Stemline Therapeutics In-Licenses Novel Oral Small Molecule Nuclear Transport Inhibitor Targeting XPO1

On January 7, 2015 Stemline Therapeutics reported that it has exclusively licensed from CanBas the rights to develop and commercialize a novel, oral small molecule reversible inhibitor of Exportin-1 (XPO1), a nuclear transport target also known as Chromosome Region Maintenance-1 (CRM1) (Press release Stemline Therapeutics, JAN 7, 2015, View Source [SID:1234501295]). Stemline has acquired worldwide rights with the exception of Japan, Korea, Taiwan and China. Stemline will now refer to the compound as SL-801.

Recent work has demonstrated that XPO1 is a clinically relevant target, and nuclear export inhibitors have emerged as a new approach in cancer treatment with activity in patients across multiple indications. Given that SL-801 is a novel reversible inhibitor of XPO1, we believe it has the potential to offer a broad therapeutic window with dosing and scheduling flexibility. SL-801 has demonstrated preclinical anti-cancer activity, including efficacy and safety in animal models, across a wide array of solid and hematologic cancers. Stemline expects to file an Investigational New Drug (IND) application in 2015.
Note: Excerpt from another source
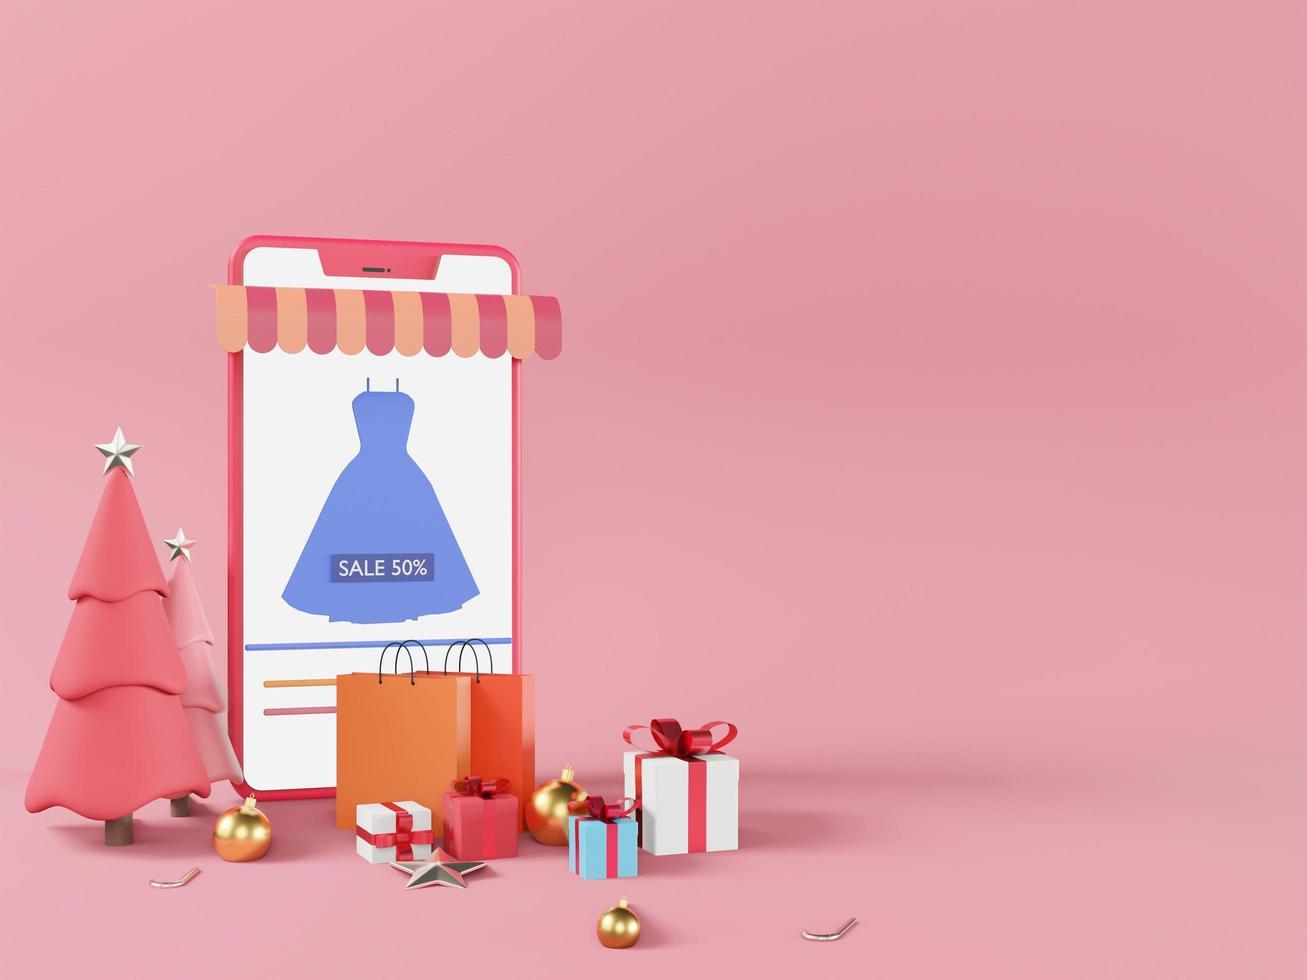 maqueta de diseño de comercio electrónico sobre fondo rosa foto

Eric Rowinsky, M.D., Stemline’s Chief Medical Officer and Head of Research and Development commented, “CanBas’ foundational work created a novel potent inhibitor of XPO1 with a number of unique attributes, including reversibility of XPO1 inhibition, which we believe may enhance clinical efficacy and safety.” Dr. Rowinsky concluded, “As we continue to progress SL-401 and SL-701 through multiple clinical trials, we also plan to advance SL-801 into the clinic in several strategic indications.”